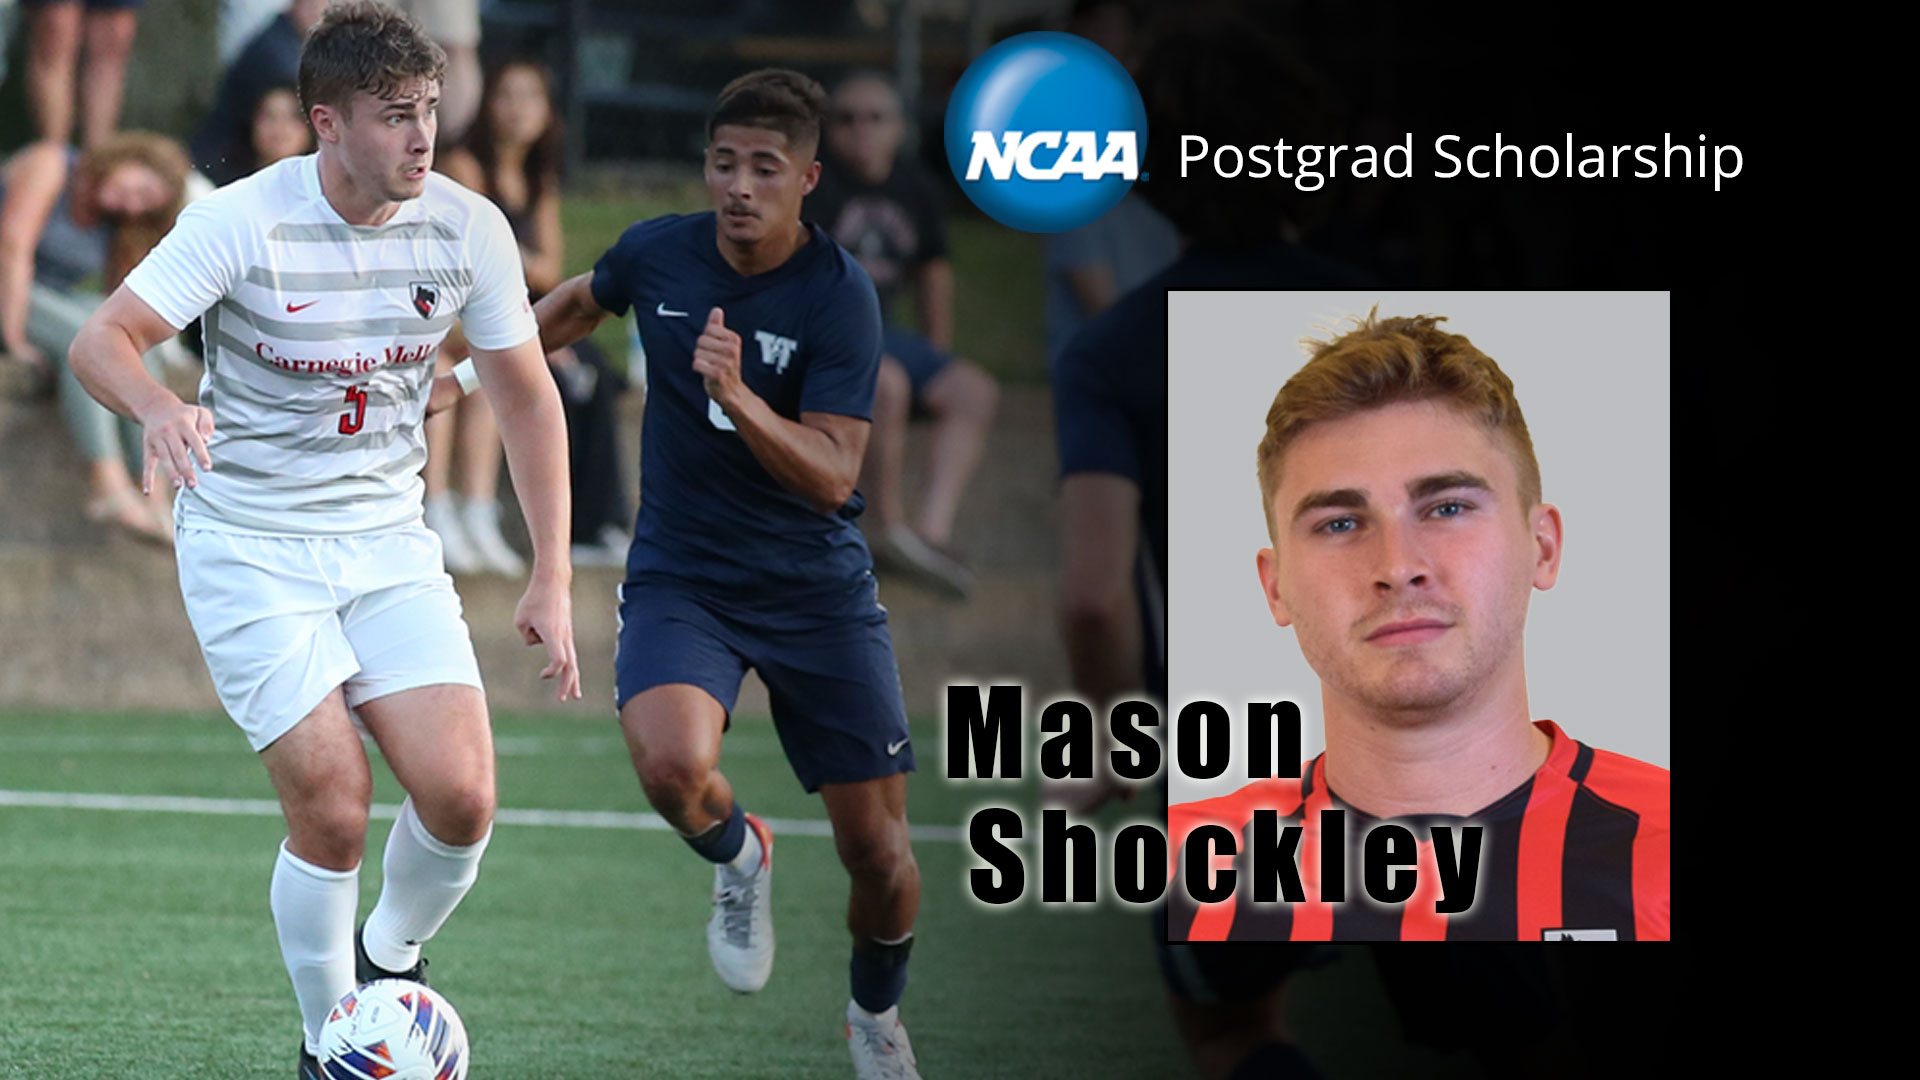 action image of a men's soccer player running with the ball and his portrait image with words Mason Shockley and NCAA Postgrad Scholarship
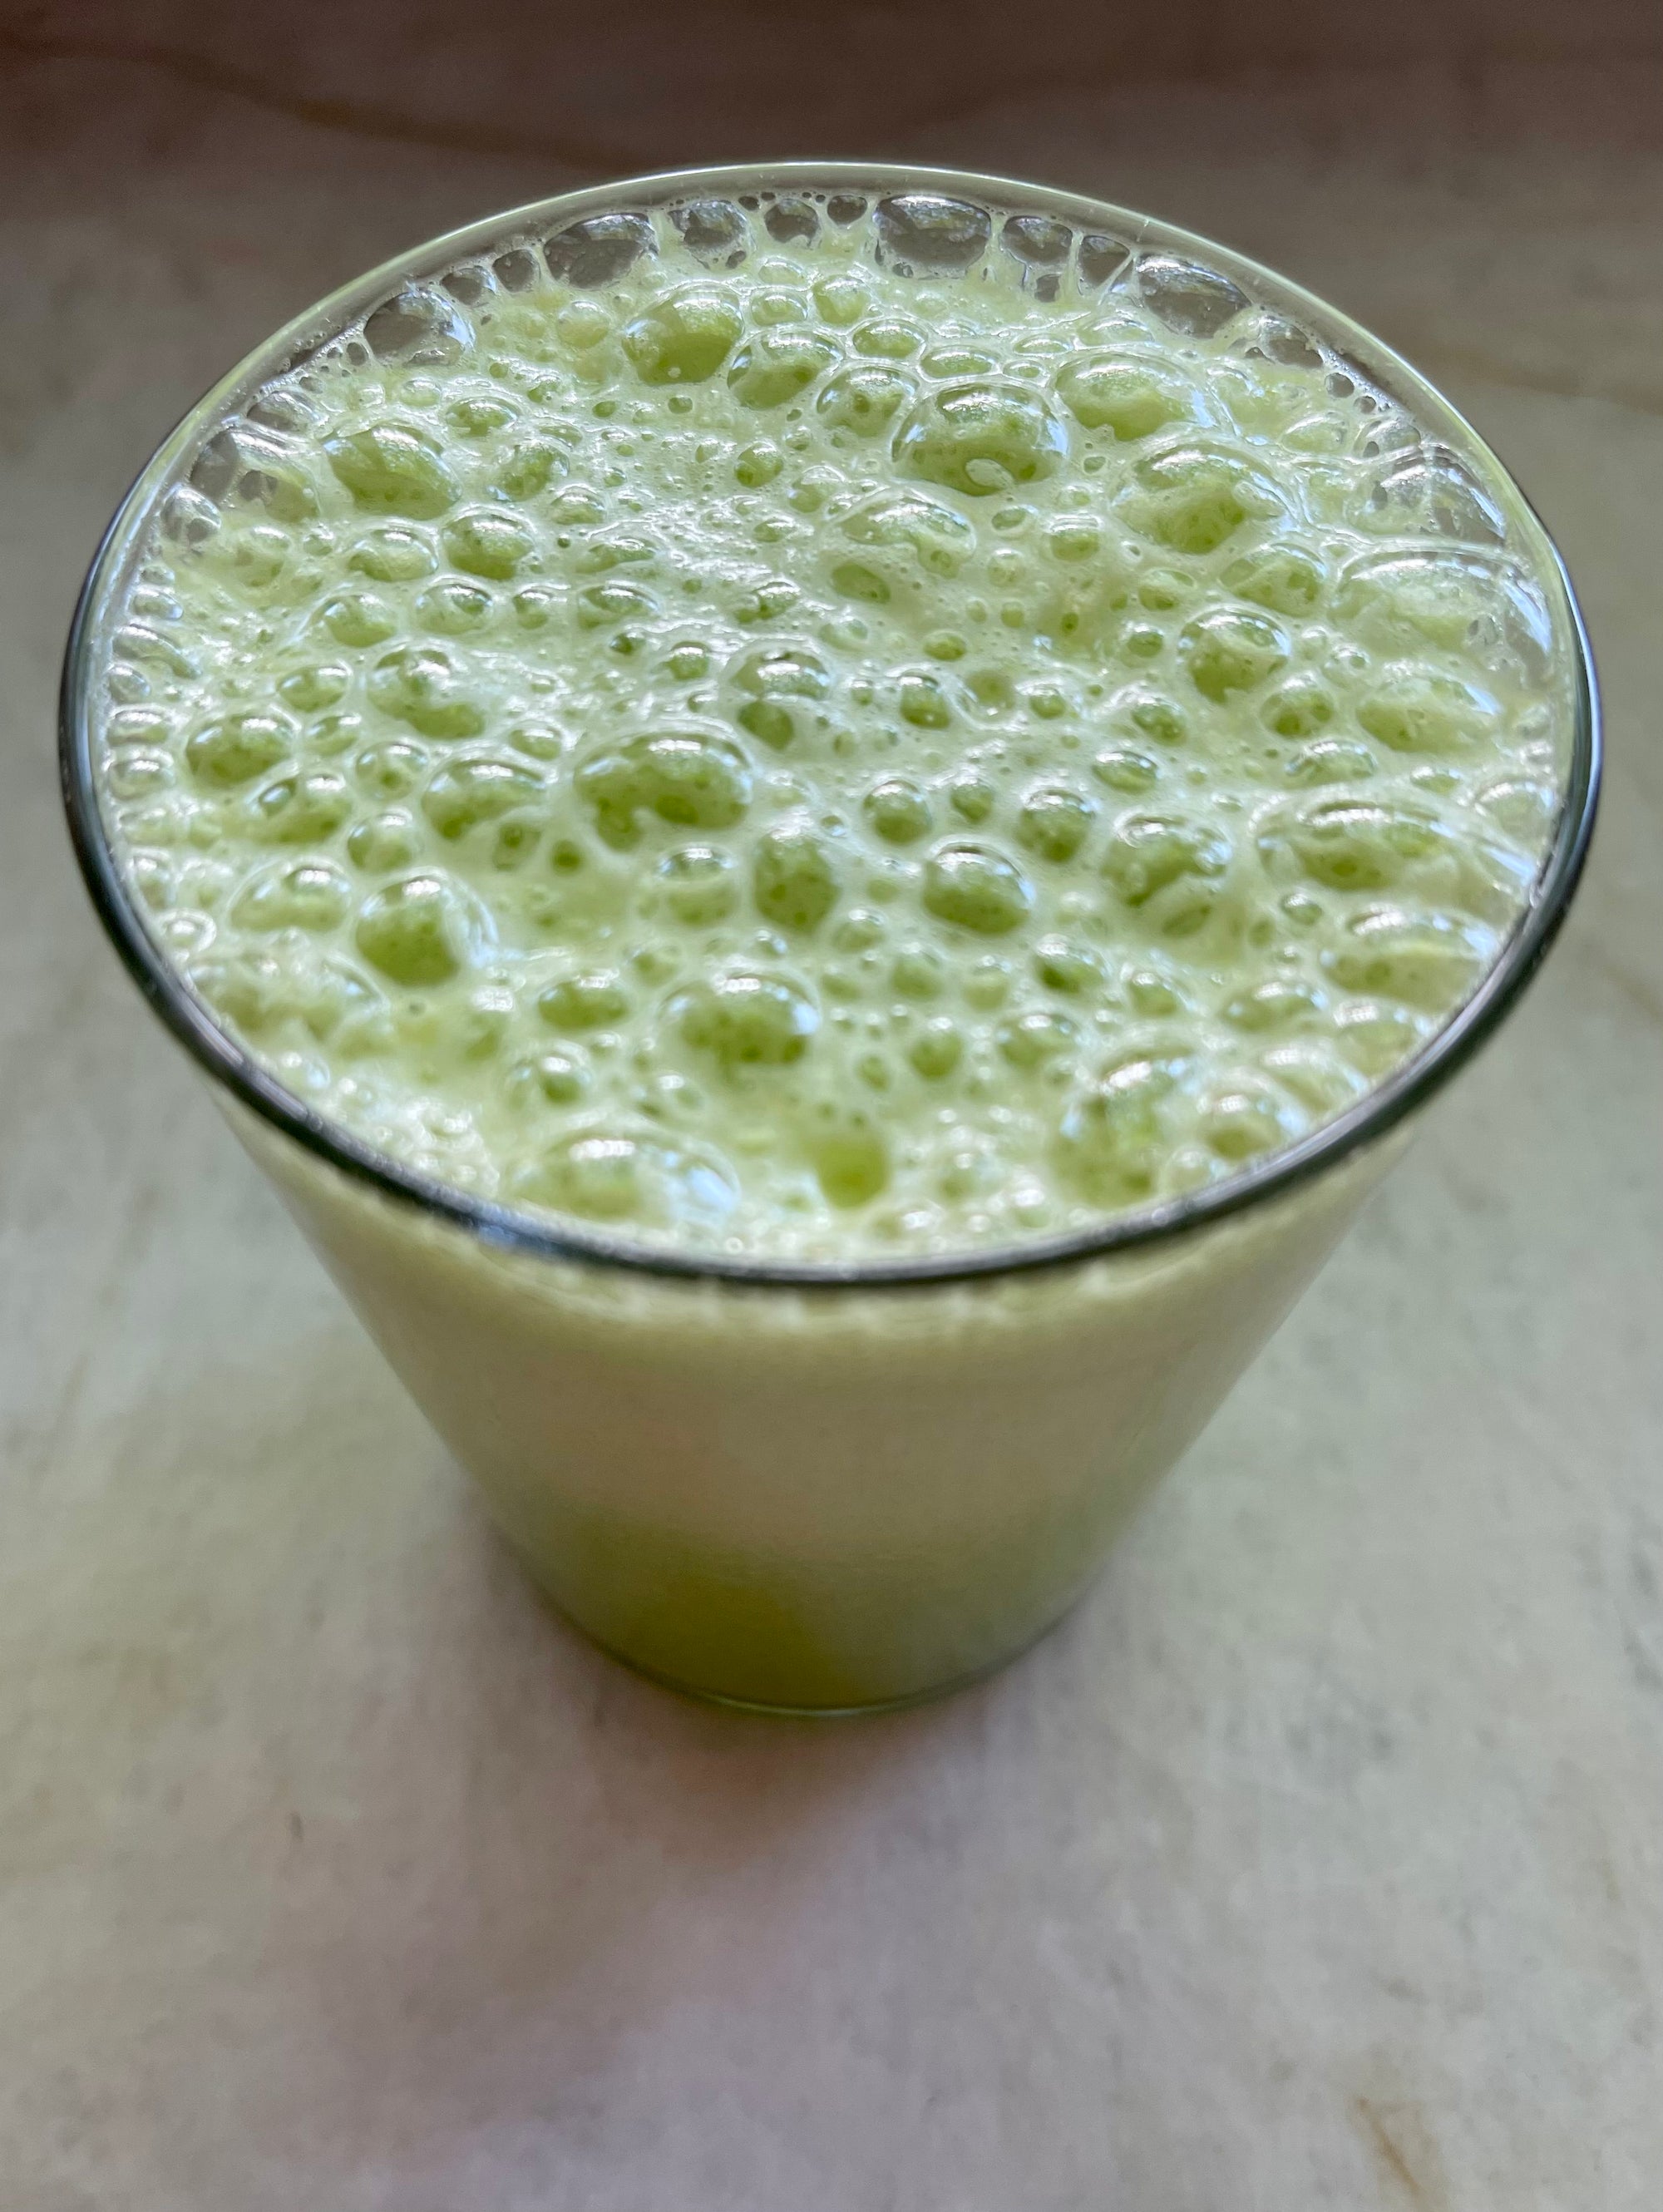 Blender: Green Juice Smoothie & New Year's Resolutions
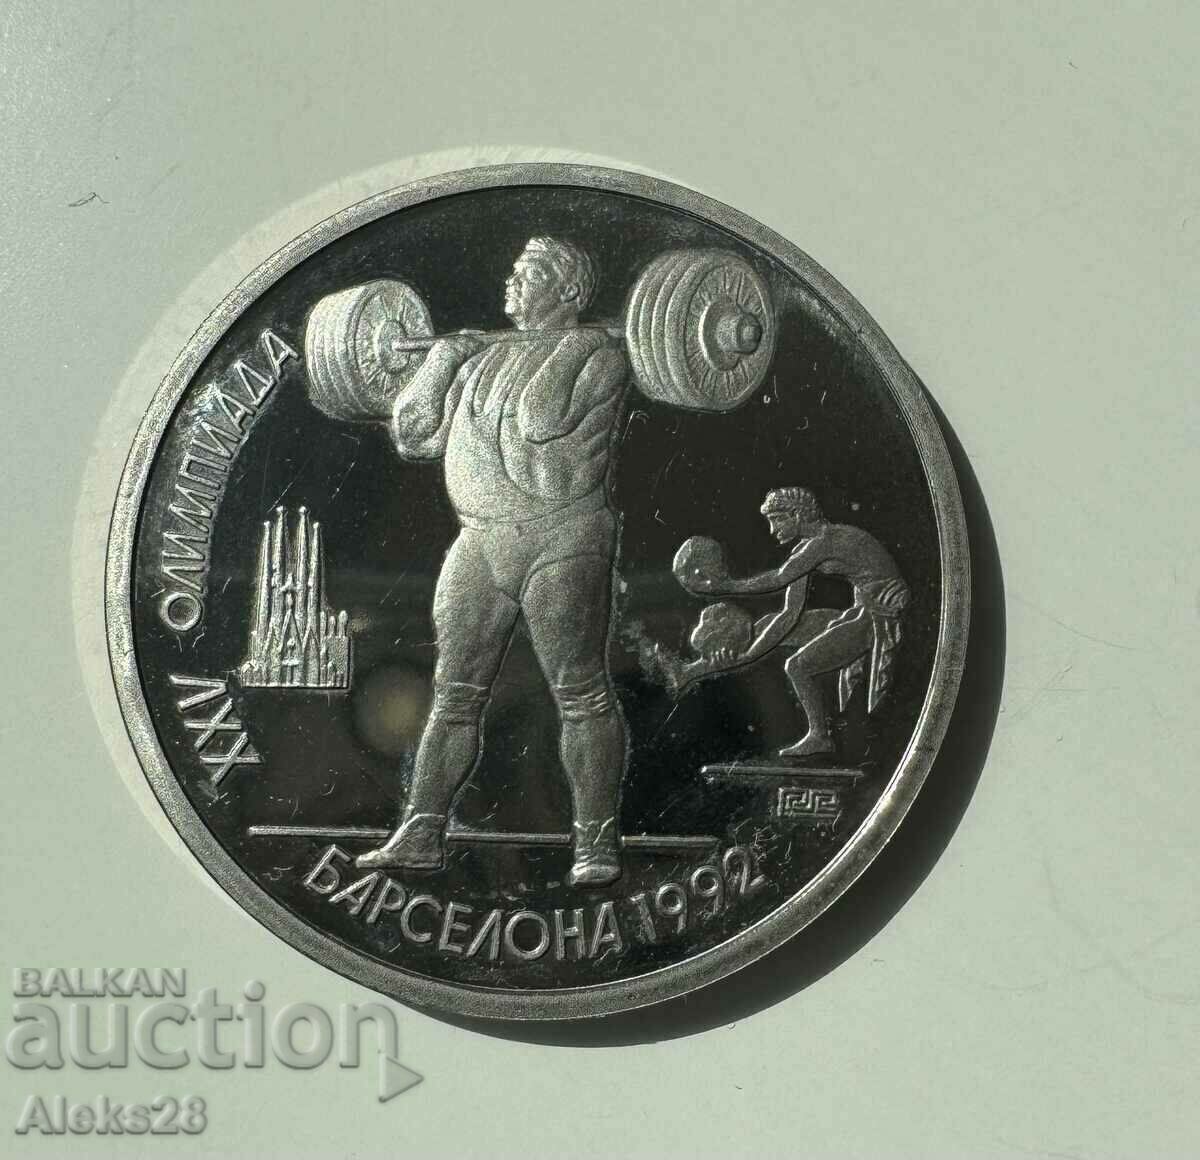 1 ruble Barcelona 1992, Weightlifting

The task: From the first line to the last, please copy the data exactly, with the pictures left out.

Response:
 action image of a men's soccer player running with the ball and his portrait image with words Mason Shockley and NCAA Postgrad Scholarship
 Blender: Green Juice Smoothie & New Year's Resolutions
 1 ruble Barcelona 1992, Weightlifting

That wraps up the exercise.